1. Group assignment (group of 2)
2. The assignment accounts for 30% of the whole unit.
3. Submit the assignment from ICT583 LMS site using the Assignment unit tool.
4. Late work may attract a penalty of 10% (of the mark for that piece of assessment) per day late, up to and including 10 days late. Work submitted more than 10 days late might not be marked.
5. You must keep a copy of the final version of your assignment as submitted and be prepared to provide it on request.
6. The University treats plagiarism, collusion, theft of other students’ work and other forms of dishonesty in assessment seriously.

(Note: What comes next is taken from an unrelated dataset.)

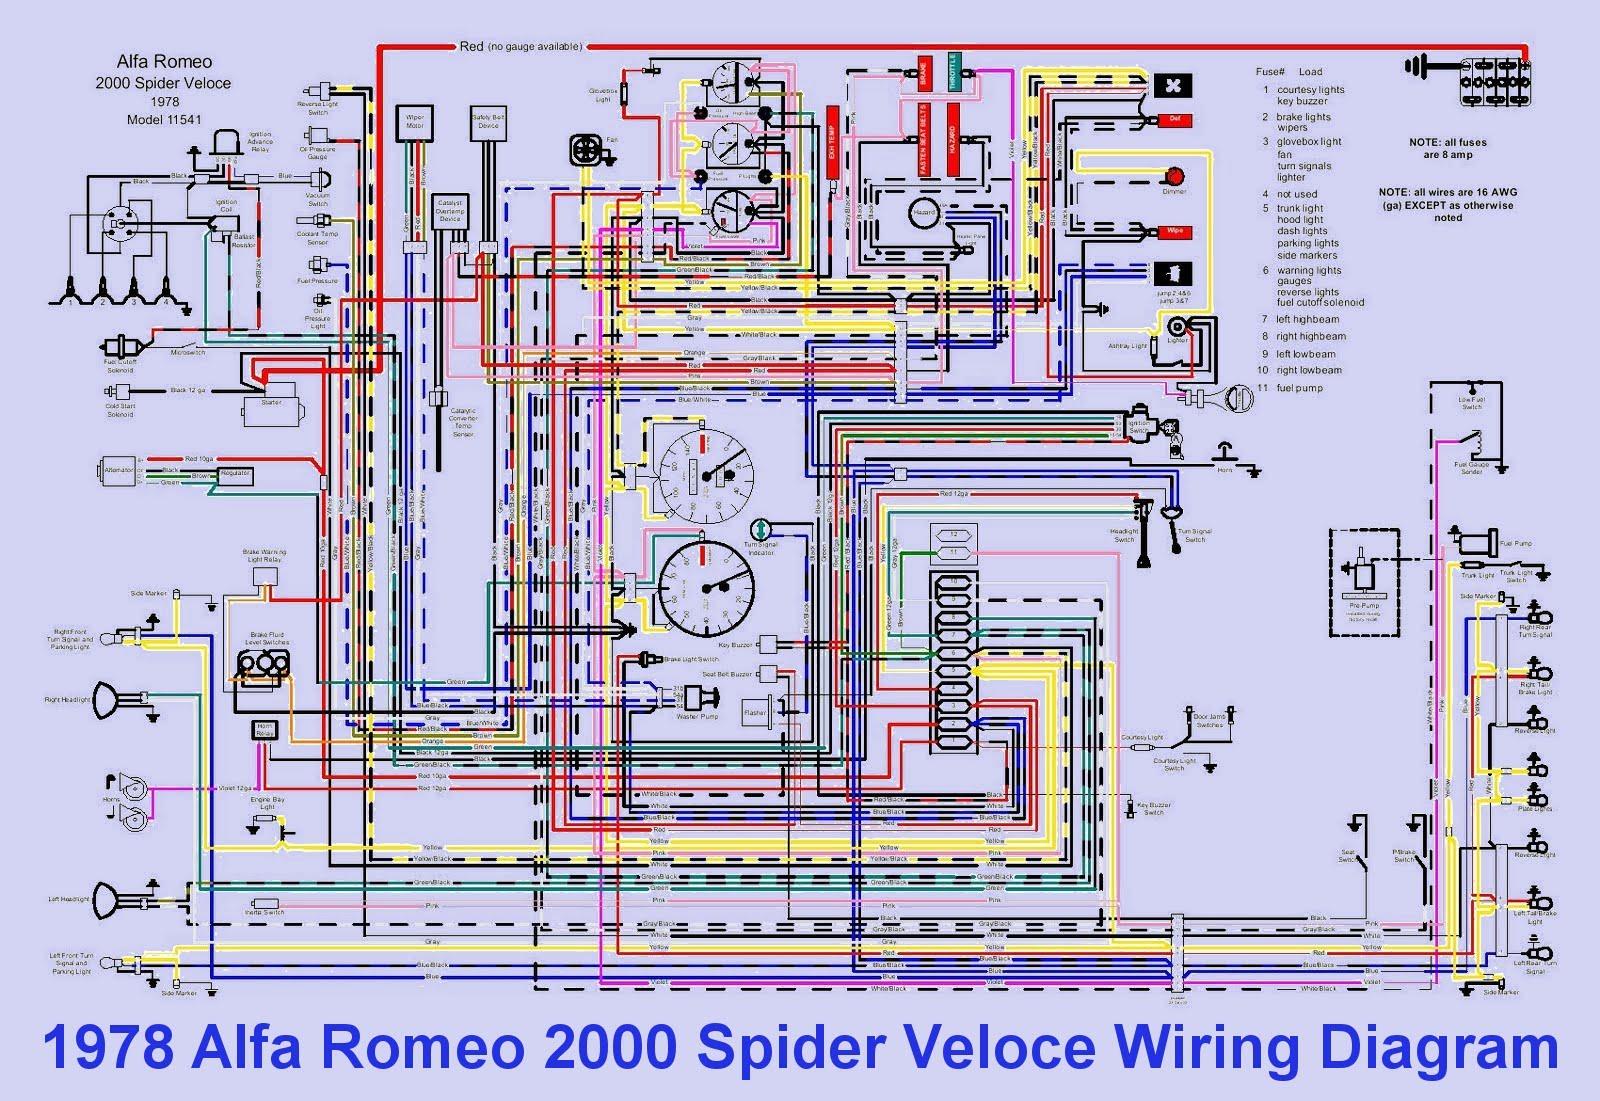 1978 Alfa Romeo 2000 Spider Veloce Wiring Diagram | Auto

The healthcare industry has been one of the most prominent beneficiaries of the emergence of data science. Successful applications such as AI-assisted diagnosis and prognosis, Computerized drug discovery, and virtual assistant, etc can greatly improve the patient care and save public money. Your final assignment is to apply your data science knowledge on two healthcare datasets, one is the mammographic masses dataset, the other one is the global burden of disease dataset. The goal of this project is to follow the data science analysis pipeline to answer interesting questions of your own choosing, acquire the data, perform data manipulations, design your visualizations, build your predictive modelling using machine learning techniques and present the results in a report format.
An essential part of your project is your R coding. Your R file should record the steps in developing your solutions and obtaining the final data analysis results. Make sure your code matches the findings you put in the report. For example, if there are three separate plots in the report, your code should produce exactly the same three separate plots.
You also need to submit an in-depth report including two parts - classification and clustering. The following components and discussions might be considered in each part.
Overview of the project:
Provide an overview of the project, the goals, and the motivation for it. Consider that this will be read by people who first see your project.
Describe the background of the dataset and provide the summary statistic. Interesting questions: What questions are you trying to answer? Do any questions evolve throughout the project? Are there any new questions you consider in the course of your analysis? ...
Data manipulation and cleaning:
Are there any data pre-processing steps performed, and why? Are there any questions that can be answered via data manipulation? ...
Exploratory data analysis:
What visualizations did you use to look at your data in different ways? Are there any detected outliers? ...
What are the various machine learning methods you considered? Justify the decisions you made. What are the main ideas of the selected methods? How do you build the models? Are there any concerns when designing your model? ...
What did you learn about the data? Which method statistically outperformed the rest? Have you found the answers to the raised questions? How can you justify your answers? ... Engagingly present your results using text, visualizations.
Are there any limitations of your study? What is your future work?